ACTION ITEM
Output the listing below verbatim, but drop the images.

DATA SECTION
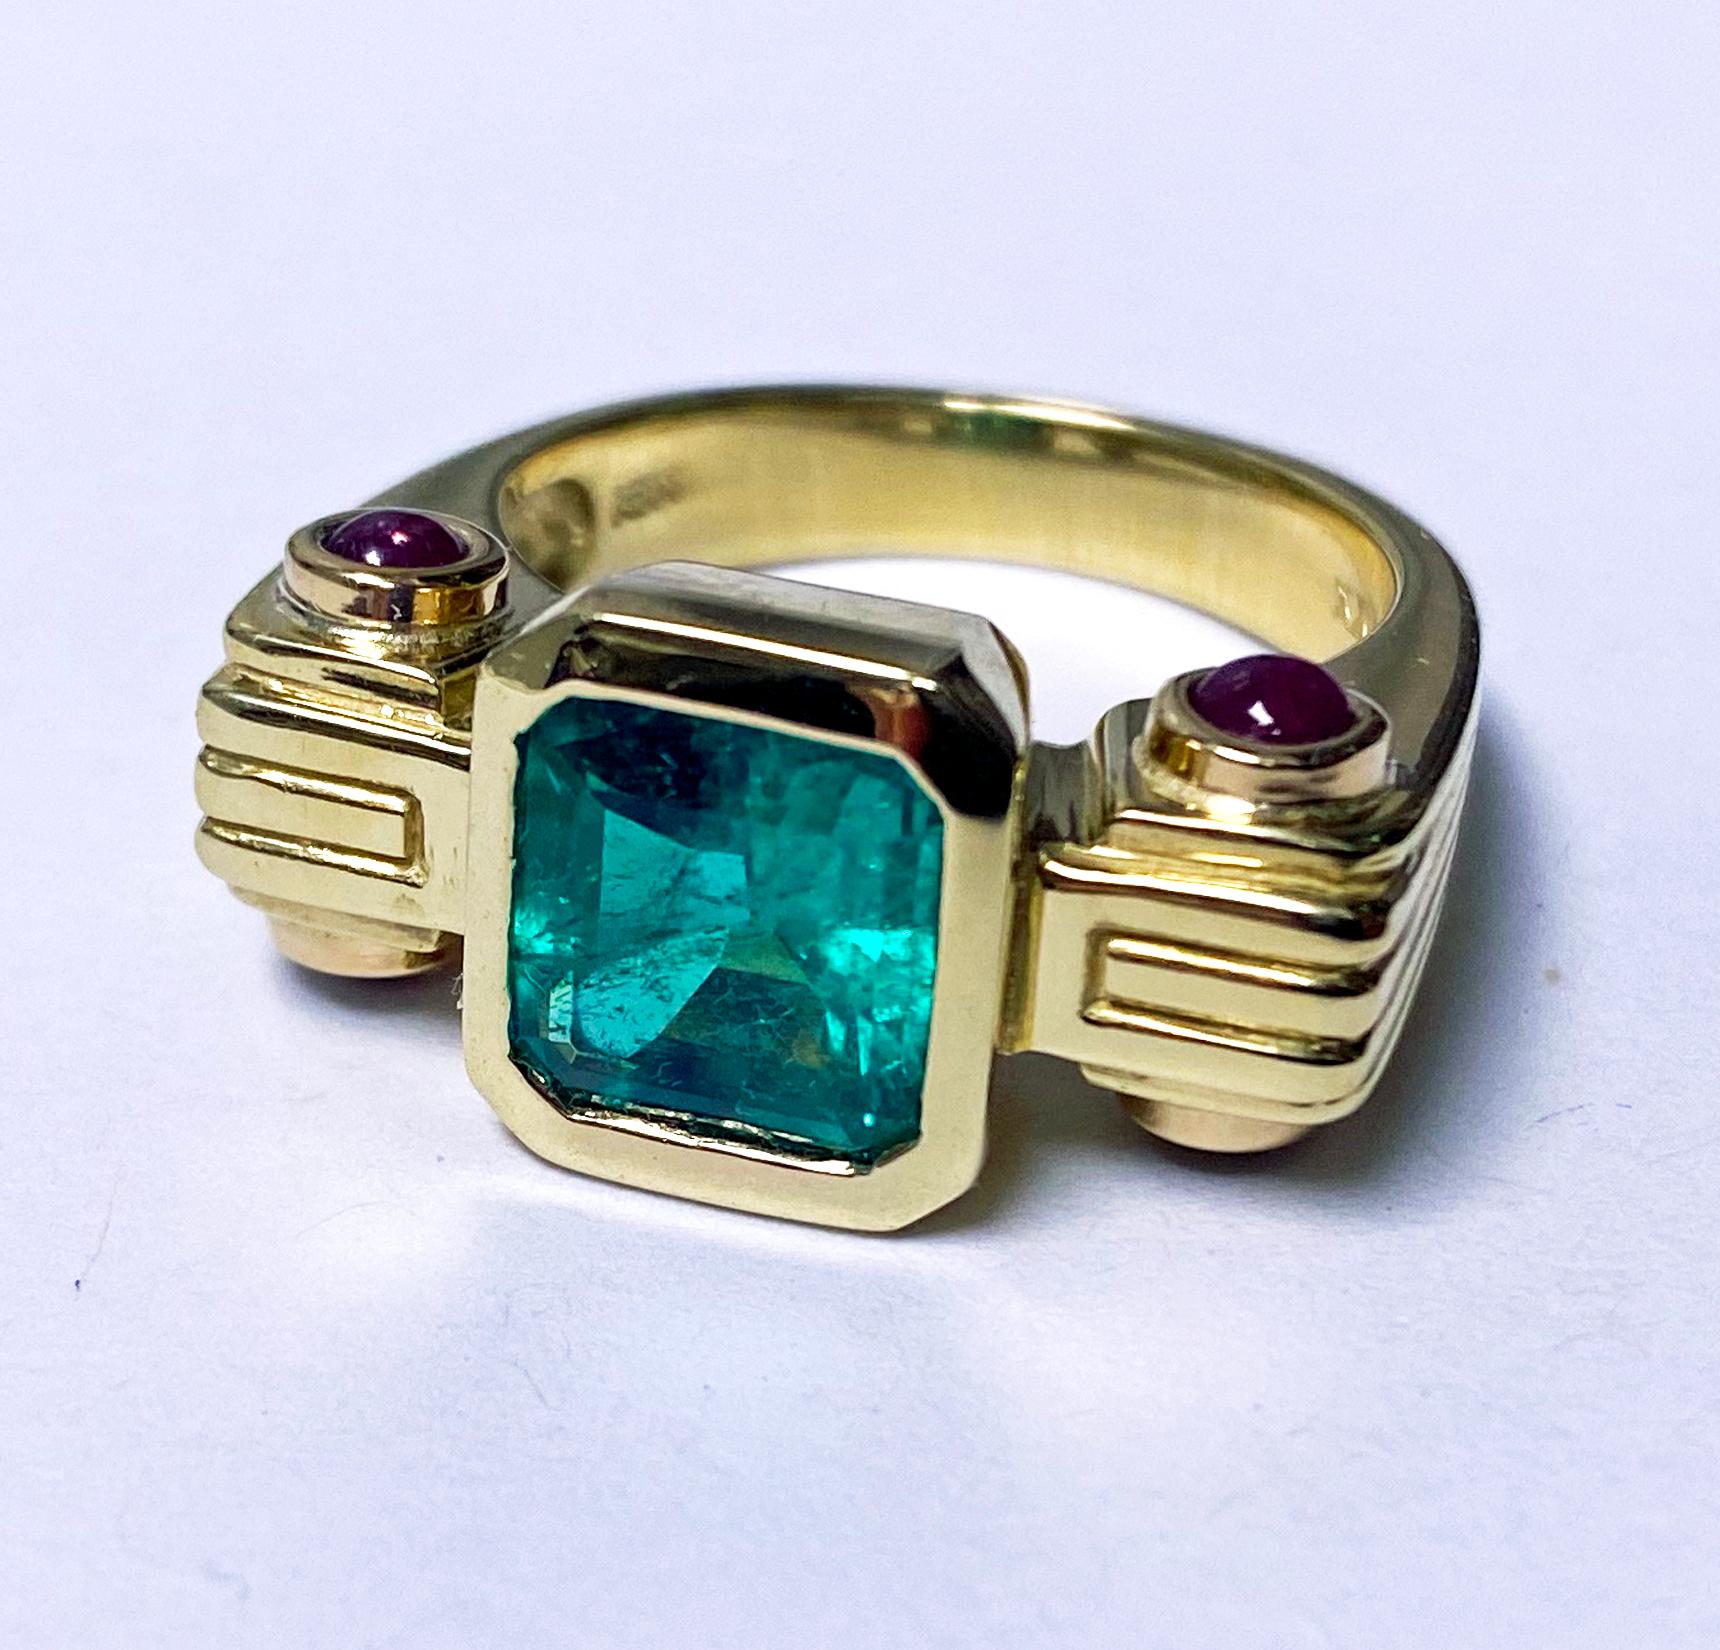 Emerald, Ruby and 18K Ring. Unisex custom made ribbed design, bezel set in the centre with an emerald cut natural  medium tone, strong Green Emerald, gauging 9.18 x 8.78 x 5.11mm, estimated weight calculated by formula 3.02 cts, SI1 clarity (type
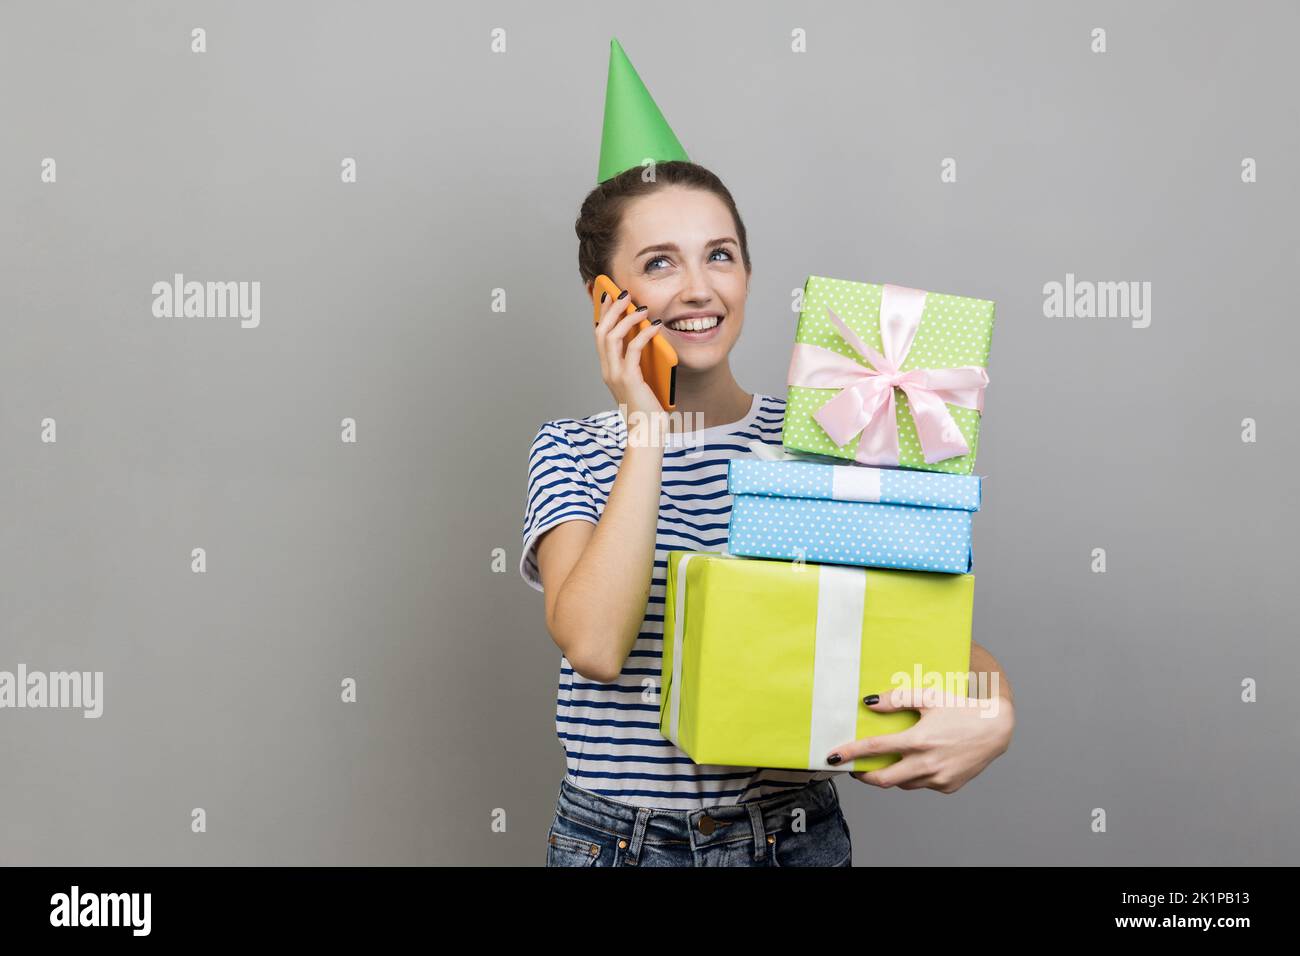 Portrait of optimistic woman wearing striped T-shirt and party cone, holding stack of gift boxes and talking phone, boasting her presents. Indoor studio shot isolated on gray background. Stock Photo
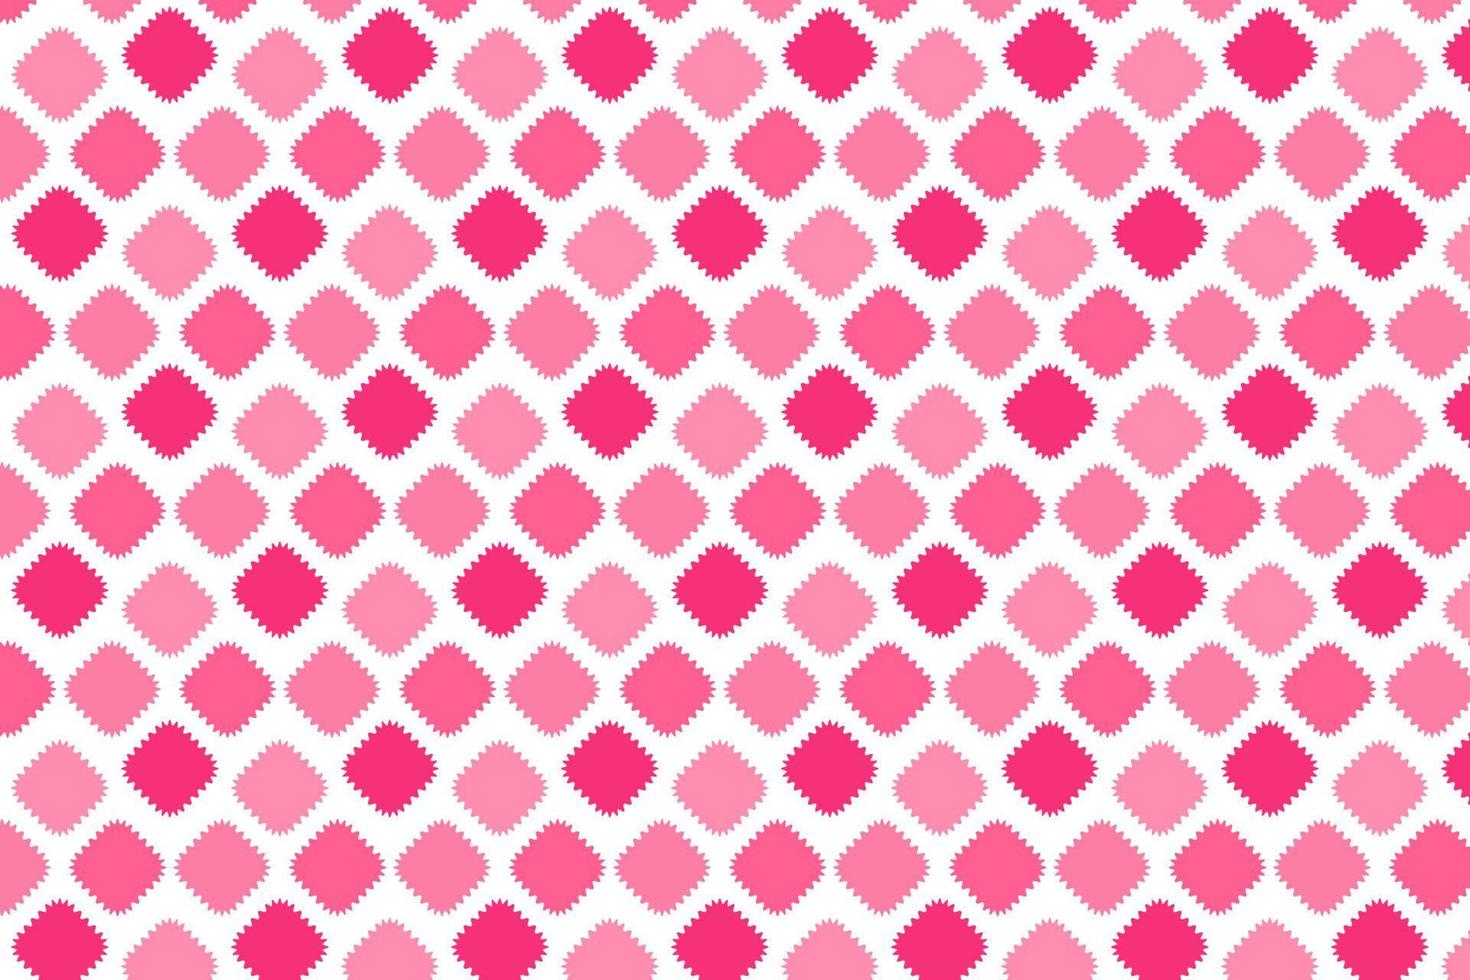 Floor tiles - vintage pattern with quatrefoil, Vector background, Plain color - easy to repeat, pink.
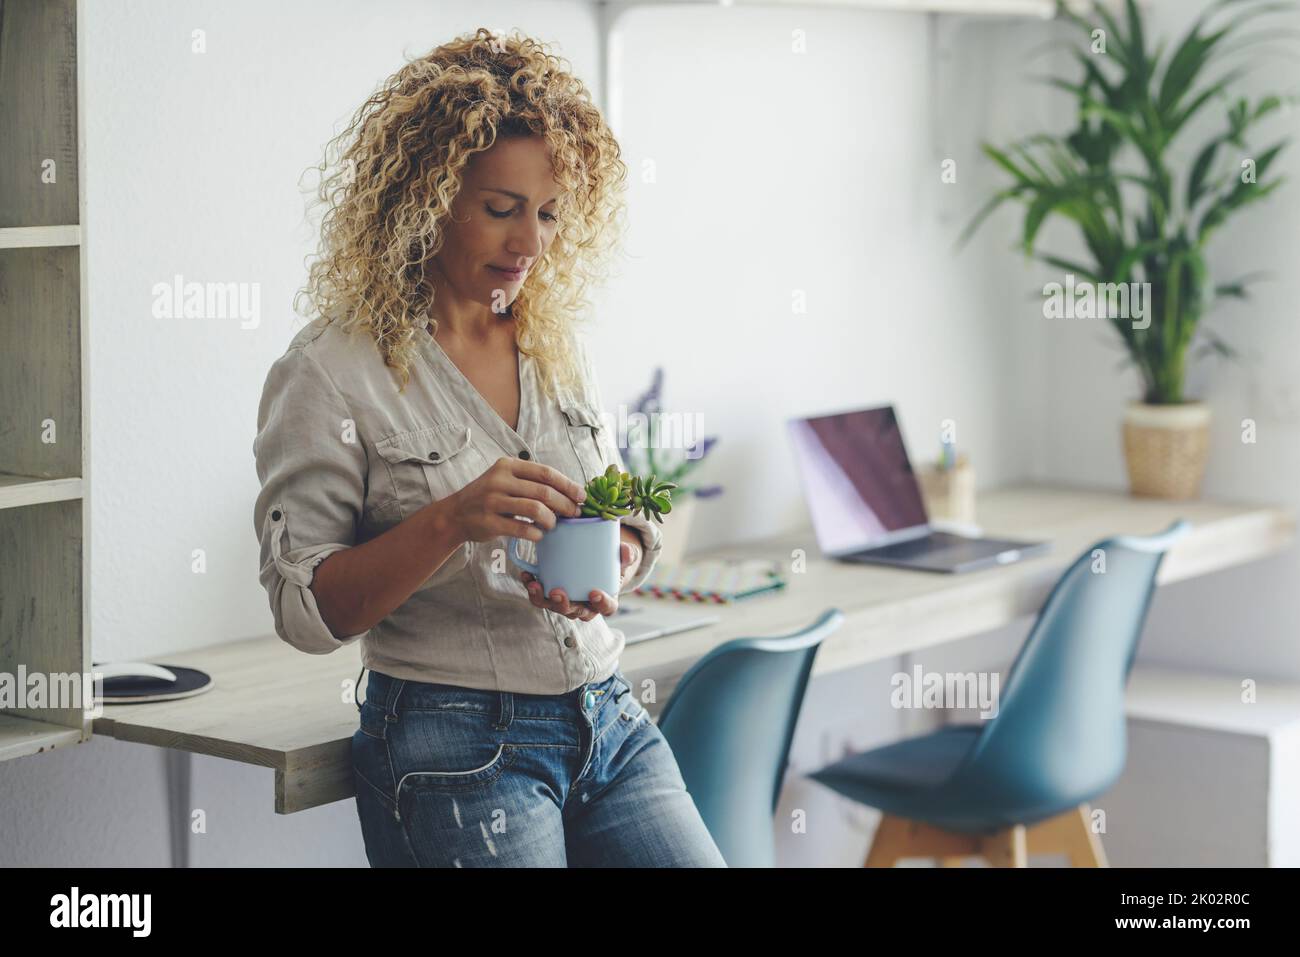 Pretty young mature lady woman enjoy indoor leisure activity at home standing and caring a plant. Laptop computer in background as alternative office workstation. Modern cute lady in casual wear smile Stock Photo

OUTPUT FOR THIS EXERCISE
 Emerald, Ruby and 18K Ring. Unisex custom made ribbed design, bezel set in the centre with an emerald cut natural  medium tone, strong Green Emerald, gauging 9.18 x 8.78 x 5.11mm, estimated weight calculated by formula 3.02 cts, SI1 clarity (type
 Portrait of optimistic woman wearing striped T-shirt and party cone, holding stack of gift boxes and talking phone, boasting her presents. Indoor studio shot isolated on gray background. Stock Photo
 Floor tiles - vintage pattern with quatrefoil, Vector background, Plain color - easy to repeat, pink.
 Pretty young mature lady woman enjoy indoor leisure activity at home standing and caring a plant. Laptop computer in background as alternative office workstation. Modern cute lady in casual wear smile Stock Photo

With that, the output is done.